Amidst a sea of fallen comrades, facing almost certain death at the hands of an incomprehensible foe, Staff Sgt. Michael Nantz (Aaron Eckhart) gets inches from the face of Cpl. Jason Lockett (Cory Hardrict) and begins to bellow a five-minute rant without missing a single military cliché. Seemingly exhausted by covering every base from “good men died out there” to “Marines don’t quit,” Nantz pauses, looks right at the camera and says “But none of that matters.” Probably not the best thing to say after the most significant, albeit ridiculous, dialogue spoken in an entire movie. But at least he was honest.

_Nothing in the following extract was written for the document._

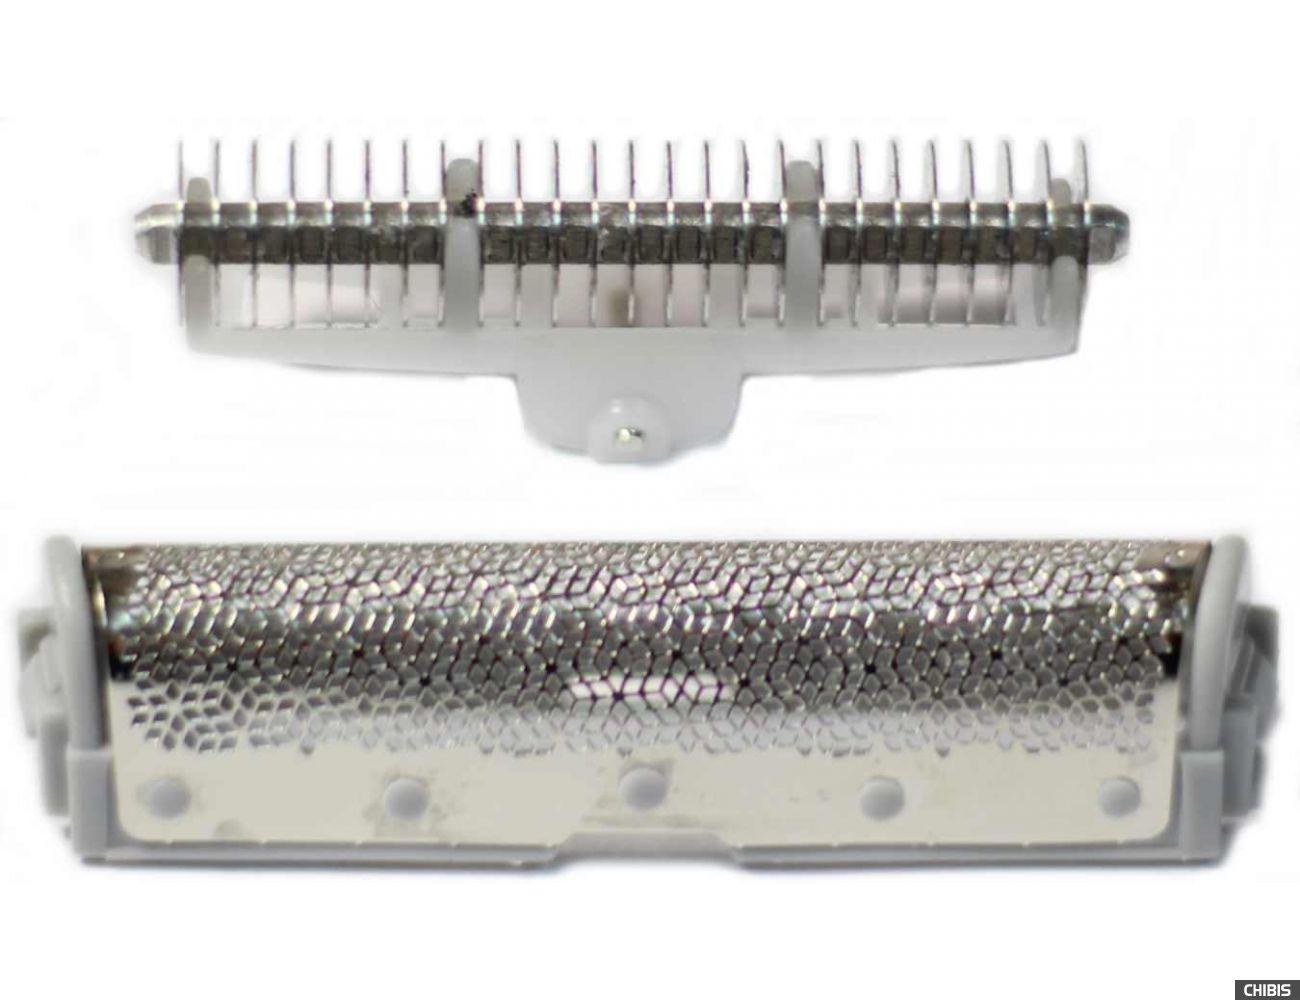 Сетка + нож  Spxtc X1 для бритв Ремингтон Х110 и Х120
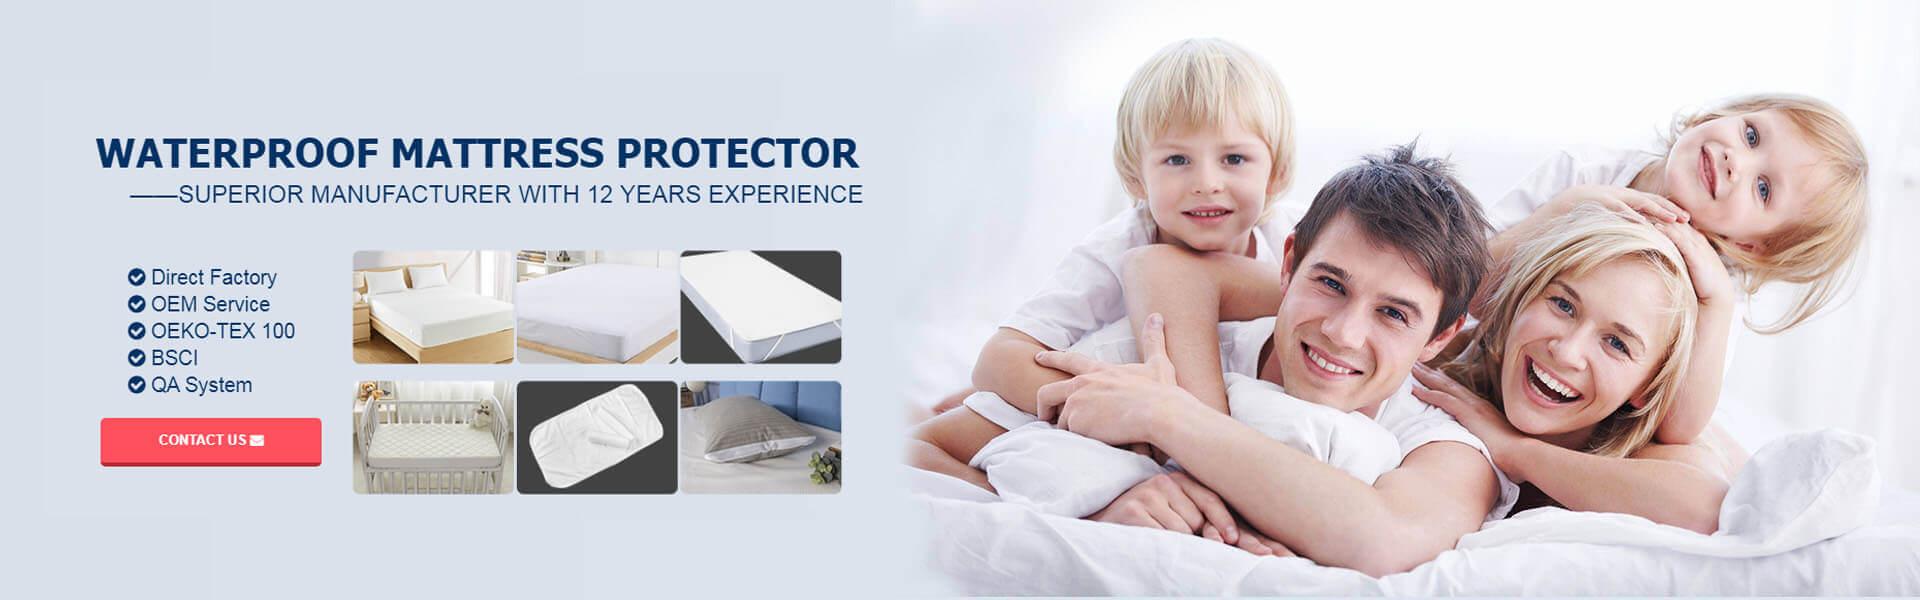 waterproof-mattress-protector-manufacturer2 (2)

Battle: Los Angeles is a lumbering beast. It is a juggernaut with the brains of a glue-sniffer, a mongoloid mash-up of every conceivable cinematic military trope with the added wrinkle of an alien invasion. Also, it’s kind of awesome … so long as nobody’s talking or acting.
This is not a joke or hyperbole: Had writer Christopher Bertolini eliminated all but the incidental dialogue (as in “Get down” or “We have to go to that place over there to do that thing”), this would have been a near-perfect film. Alas, we are treated to such rich characters as “the one with the pregnant wife,” “the one who is getting married,” “the virgin,” “the old guy who has had enough of this shit,” “the one whose last mission went bad” and, of course, “the girl.” It’s enough to make one yearn for the wacky chutzpah of Starship Troopers .
Tantalizingly beginning in the middle of combat before pulling back to set up characters whose names we will never bother to learn, Battle: Los Angeles ’ plot is Netflix blurb paradise. Aliens fall out of the sky and blow stuff up. The military shoots at them and hopes for the best. Seriously, there is no nuance here, as the plot moves from “run over here” to “run over there” before settling on “now blow up that thing.”
And it mostly works! Honest. Hoo-rahs are due to director Jonathan Liebesman, who delivers the most riveting and explosive action set pieces in years. (Alprazolam) Relentless in nature and epic in scope, the eyes could not want for more. The ears and rapidly atrophying brain, on the other hand …
It’s not just that the acting is wretched — Eckhart seems to have caught Christian Bale’s head-cold voice from The Dark Knight, and Michelle Rodriguez has used her lifetime allotment of grimaces; and it’s not just that the dialogue is putrid. It’s that there’s no rational thought here. Why are extraterrestrials only here for our resources (specifically water) using bullets and not city-razing bombs? Why are the aliens designed like inside-out squids and yet wear humanoid exoskeletons? Why does every intergalactic conquering species have one giant gaping vulnerability (cough, Death Star, cough)?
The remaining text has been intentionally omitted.